Further investigation shows that the respondents who are in the state of off-site marriage have longer tolerance time for off-site marriage than other respondents. The older the respondents were, the longer the tolerance period for the long-distance marriage was.

Gao Xiangjun said frankly that he could endure a long-distance marriage for about three years. " My wife and I have been doing this for two years now. It's easy for us to talk, but the baby will be born next year. In addition, the third year's relationship between husband and wife is also a barrier. The time is too long, because the freshness generated in different places is also weak '.

68.6% of the respondents thought that the husband and wife should visit each other regularly

How to maintain the relationship and family for the couple of different marriage?
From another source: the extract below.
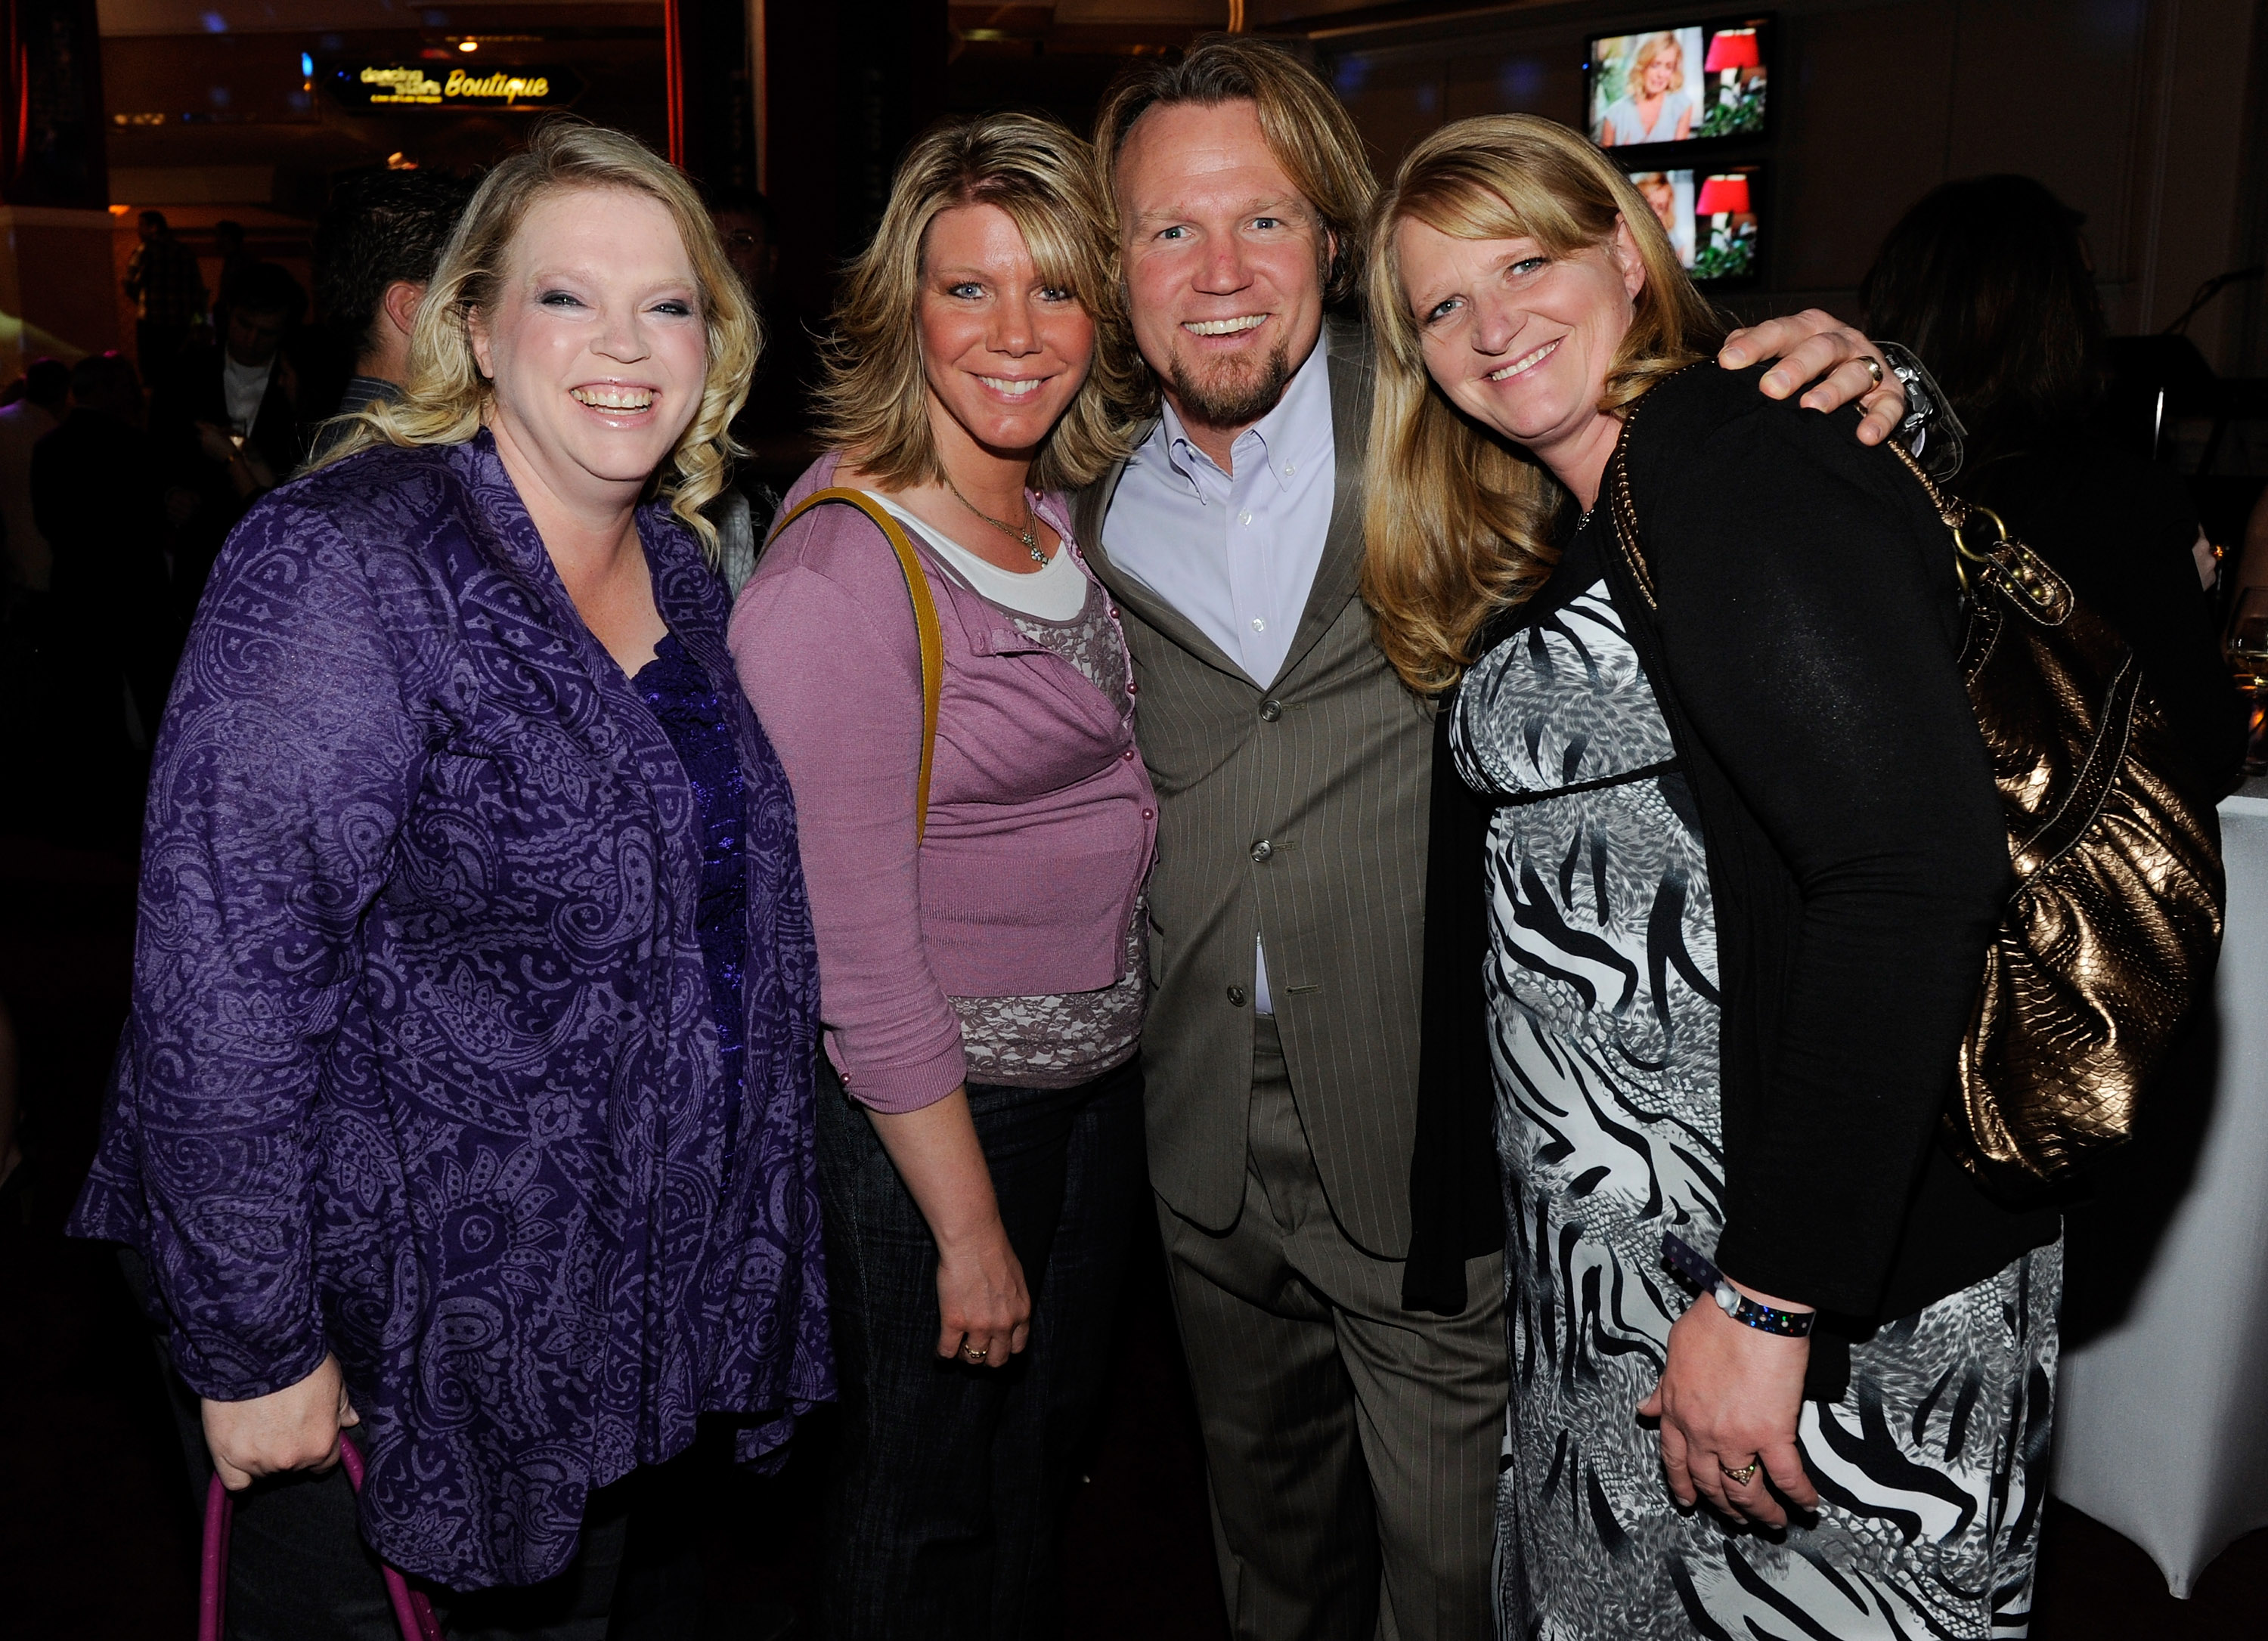 Kody Brown of 'Sister Wives' poses with his wives Janelle Brown, Meri Brown, and Christine Brown
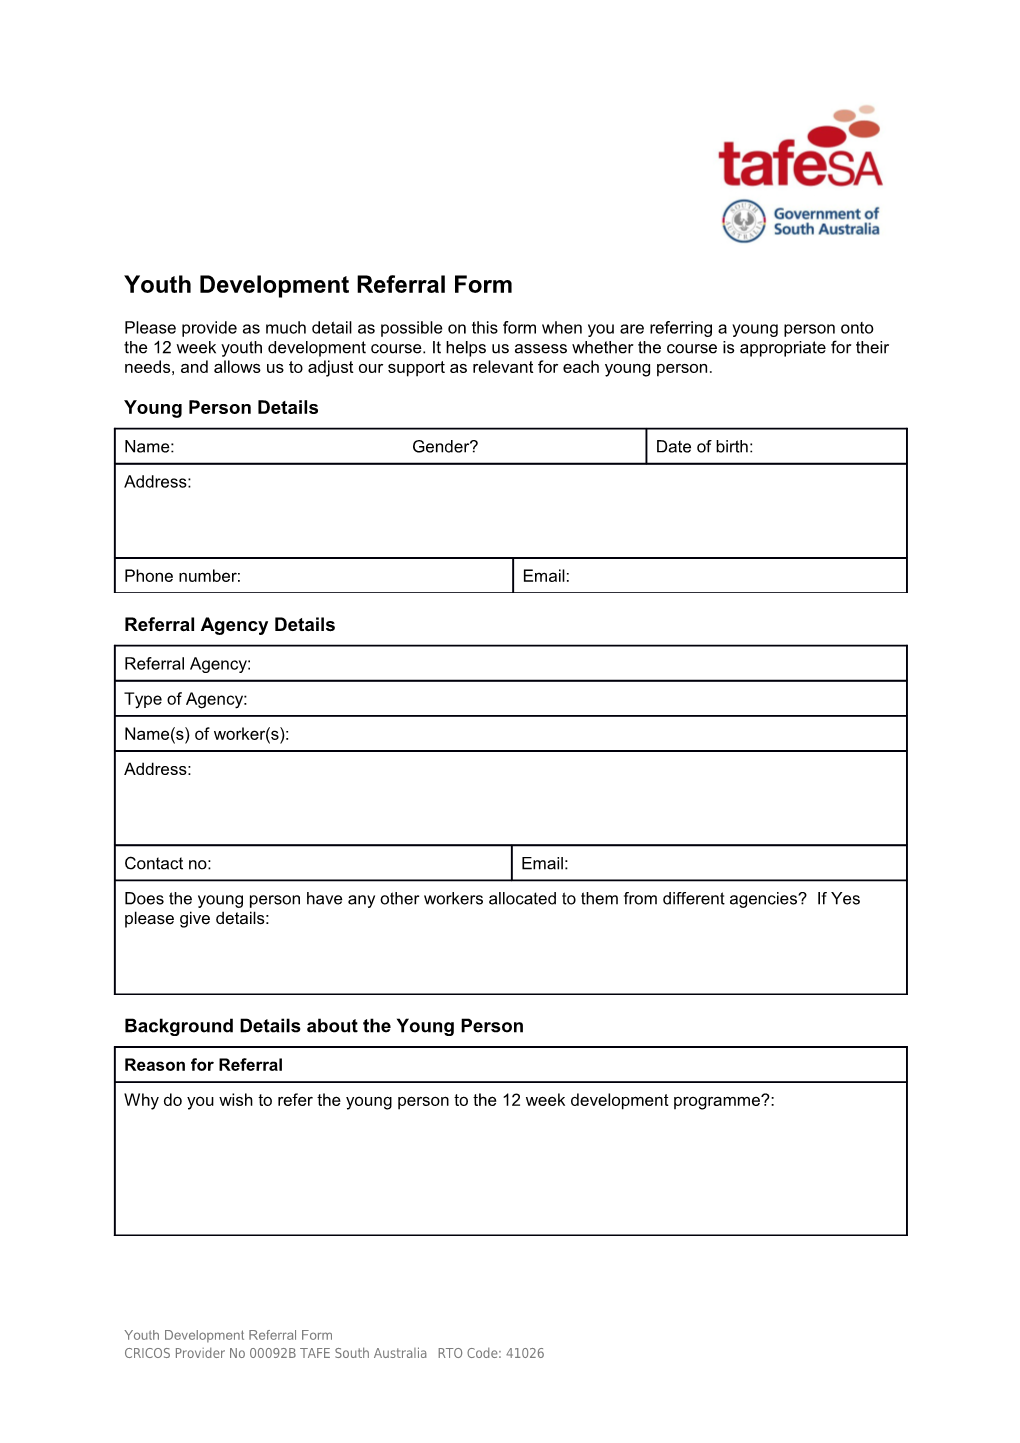 Youth Development Referral Form

According to the survey, 68.6% of the respondents thought that regular visit to each other and more care for each other's work and life (66.4%) were the best two ways. 58.1% of the respondents thought that couples of different marriage should communicate more through telephone and Internet. 49.2% of the respondents thought that common goals should be established. 26.6% of the respondents thought that dividing family responsibilities could help couples of different marriage get along better, 22.3% of the respondents thought that writing letters and giving gifts were good ways.

A further survey showed that the respondents who were in a long-distance marriage preferred sending gifts by letter to those who were in a long-distance marriage to those who were in a good family responsibility.

Wei Zhili believes that the impact of different marriage on the couple's feelings depends on the way both parties deal with it. If it can be handled well, it will still be very kind.

'the most important thing is to support, understand, tolerate and encourage each other. You should also be strict with yourself and not do anything against the principles of marriage. We can also cultivate some common hobbies and interests, and create some romance, such as watching movies, eating big meals, exchanging gifts, shopping and so on. We do this every weekend. Sometimes we stay at home to watch TV dramas, and then we talk about the story after watching them. " Gao Xiangjun said that he and his wife still intend to eventually live in the same place, for this goal, they are also working hard.

According to the survey, 58.9% of the respondents found that in the long-term long-term long-term long-term long-term long-term long-term long-term long-term long-term long-term long-term long-term long-term long-term long-term long-term long-term long-term long-term long-term long-term.

So which side is more likely to make concessions? 38.8% of the respondents found that the wife made more concessions, 17.1% of the respondents found that the husband made more concessions, and 44.1% of the respondents said it was difficult to say. Further investigation shows that the proportion of respondents in the state of long-distance marriage who give in to their husbands is higher than that who give in to their wives.

"In fact, this is not a concession, but a choice between the two sides." Tang Hanhui believes that no matter who goes to who's side, a couple in a long-distance marriage is generally for a better life. " Because the career development of both sides is definitely different. Generally speaking, they are close to the good ones.